Die Polymerase-Ketten-Reaktion (PCR) gehört zu den Standardverfahren in biologischen Laboren, um DNA zu vervielfältigen. Die PCR ermöglicht es, mit nur wenig Ausgangs-DNA massenhaft DNA-Kopien herzustellen, um Untersuchungen am jeweiligen genetischen Material zu unternehmen. Die PCR wird in Verfahren zur Aufklärung von Verbrechen (genetischer Fingerabdruck), Diagnose von Erbkrankheiten, Virusinfektionen und Erforschung von Familienverhältnissen (Stammbaumanalysen) angewendet. Die Bezeichnung PCR bezieht sich auf das Enzym Polymerase, das eine ausschlaggebende Rolle in der DNA-Replikation spielt. Das Verfahren wird als Kettenreaktion bezeichnet, da die Vervielfältigung von DNA durch den Ablauf mehrerer Zyklen derselben Prozedur erfolgt, dabei dient das Ausgangsprodukt eines Zyklus für die Folgereaktion und den Beginn eines neuen Zyklus.
Tipp: Schau Dir nochmal das Thema DNA-Replikation an
Ablauf einer PCR
Vorbereitung
Die PCR ist ein temperaturabhängiges Verfahren, das in einem Heizblock (Thermocycler) stattfindet. Die DNA, Polymerase, freie Nukleotide und Primer werden als Reaktionsmix zusammengestellt und in einem kleinen Plastikgefäss in den Thermocycler gestellt. Beim Ablauf der PCR werden die unterschiedlichen Bestandteile des Reaktionsmix durch spezifische Temperaturen abwechselnd aktiviert und inaktiviert. Der Thermocycler kann die Temperaturen den unterschiedlichen Schritten zur DNA-Vervielfältigung automatisch anpassen.
Ablauf eines PCR-Runs
Das PCR-Verfahren kann in 3 Hauptschritten zusammengefasst werden.
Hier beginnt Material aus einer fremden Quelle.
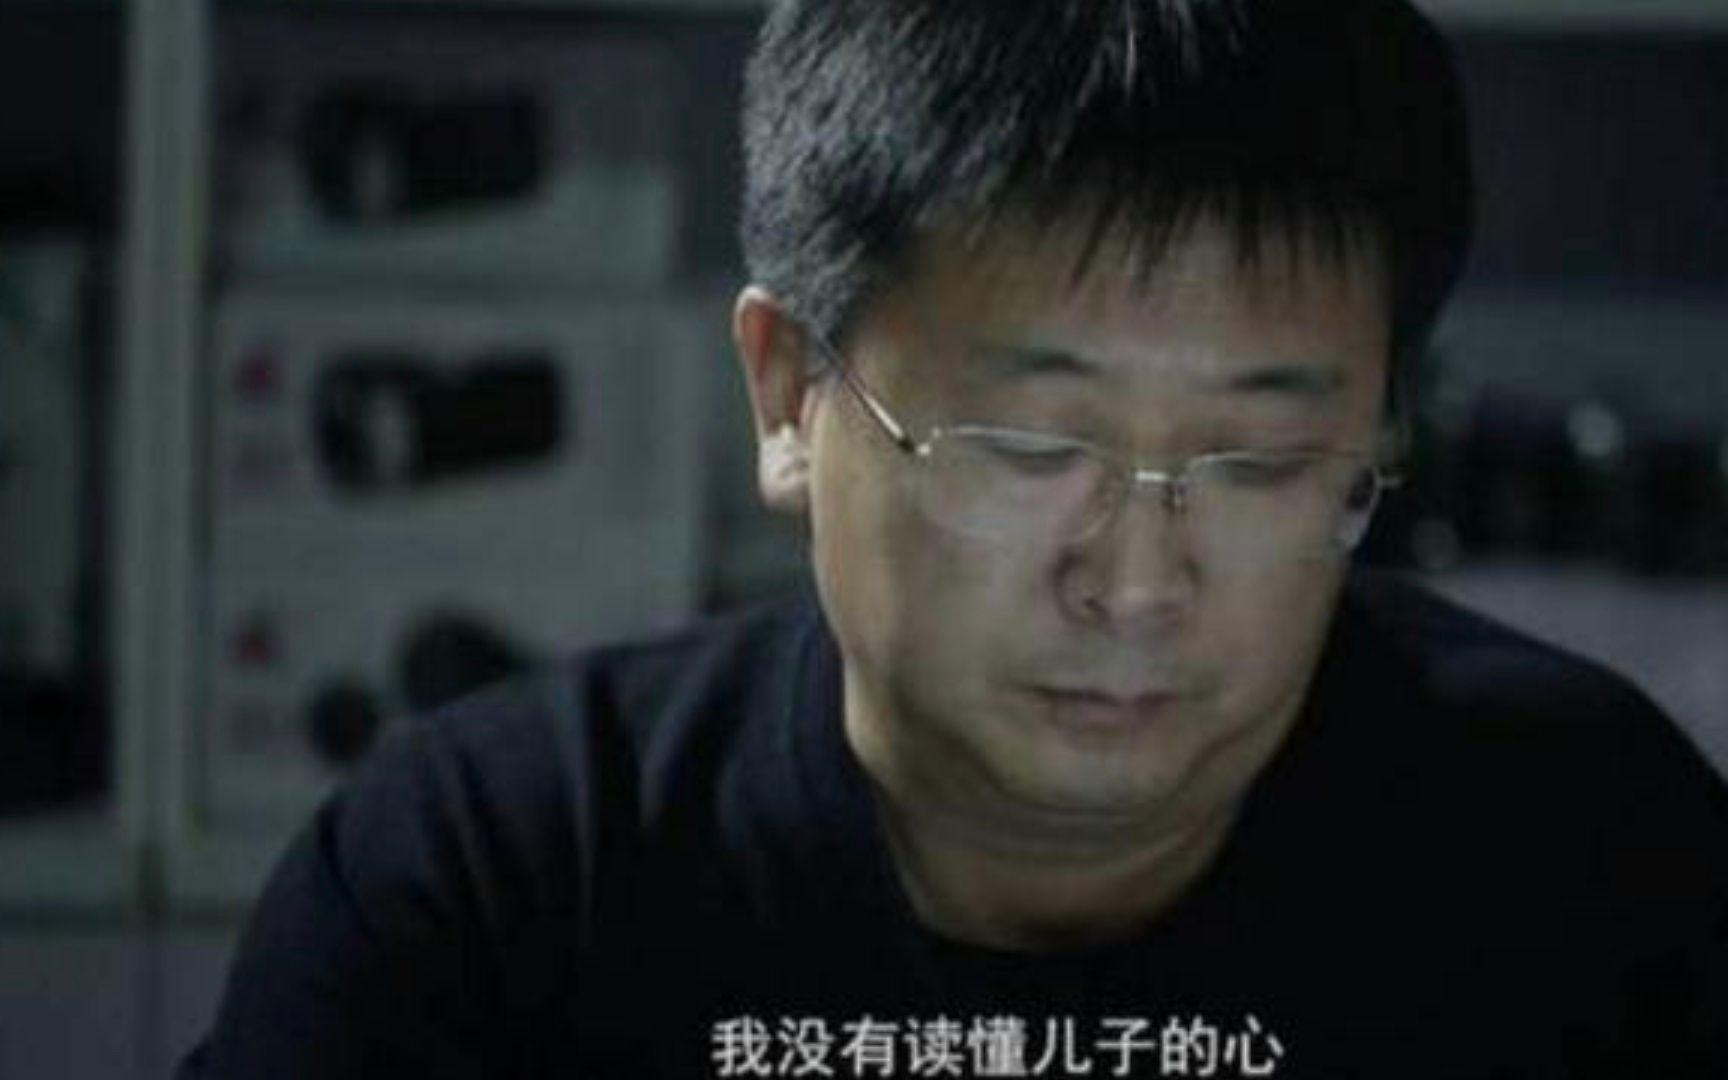 这就是典型的中国家庭,孩子叛逆就都是他的错吗?父母值得一看!

Für die Primer-Anlagerung müssen im Vorfeld komplementäre Primer für die 3'-Enden der beiden DNA-Einzelstränge synthetisch hergestellt werden. Dafür muss die Basensequenz der 3'-Enden beider DNA-Einzelstränge bekannt sein (DNA-Sequenzierung). Die Polymerase, die im dritten Schritt verwendet wird, stammt aus einem Bakterium und ist hitzestabil (Taq-Polymerase). Nach dem Syntheseschritt wird die Temperatur kurz erhöht, damit sich die Polymerase löst. Darauf folgt wieder eine Absenkung der Temperatur und ein neuer PCR-Zyklus startet. Ein PCR-Zyklus wird auch oft als Run bezeichnet.
Ablauf
Schritt
Beschreibung
Temperatur
DNA-Denaturierung
Auflösung der Wasserstoffbrückenbindungen der Ausgangs-DNA durch Hitze, DNA liegt in zwei Einzelsträngen vor.
90°C
Anlagerung der Primer
Komplementäre Primer (20-25 Nukleotide) lagern sich an 3'-Enden der DNA-Einzelstränge an, Bildung von Wasserstoffbrückenbindungen zwischen Primern und DNA an passenden Stellen .
50−65°C
Synthese des DNA-Doppelstrangs
Freie Nukleotide aus dem Reaktionsmix werden durch die Taq-Polymerase an die 3'-Enden der Primer angelagert, Nukleotide werden zu einem DNA-Strang verknüpft, es liegt ein identischer DNA-Strang zur Ausgans-DNA vor.
70°C
Info
Die Vervielfältigung von DNA durch eine PCR verläuft exponentiell. Nach dem ersten Zyklus werden aus der Ausgangs-DNA zwei DNA-Kopien synthetisiert. Im zweiten Zyklus werden aus zwei DNA-Doppelsträngen vier und so weiter (8, 16, 32...). Nach 30 Zyklen (ca. 4 Std.) erhält man so mehr als 1 Mrd. Kopien des Ausgangsmaterials.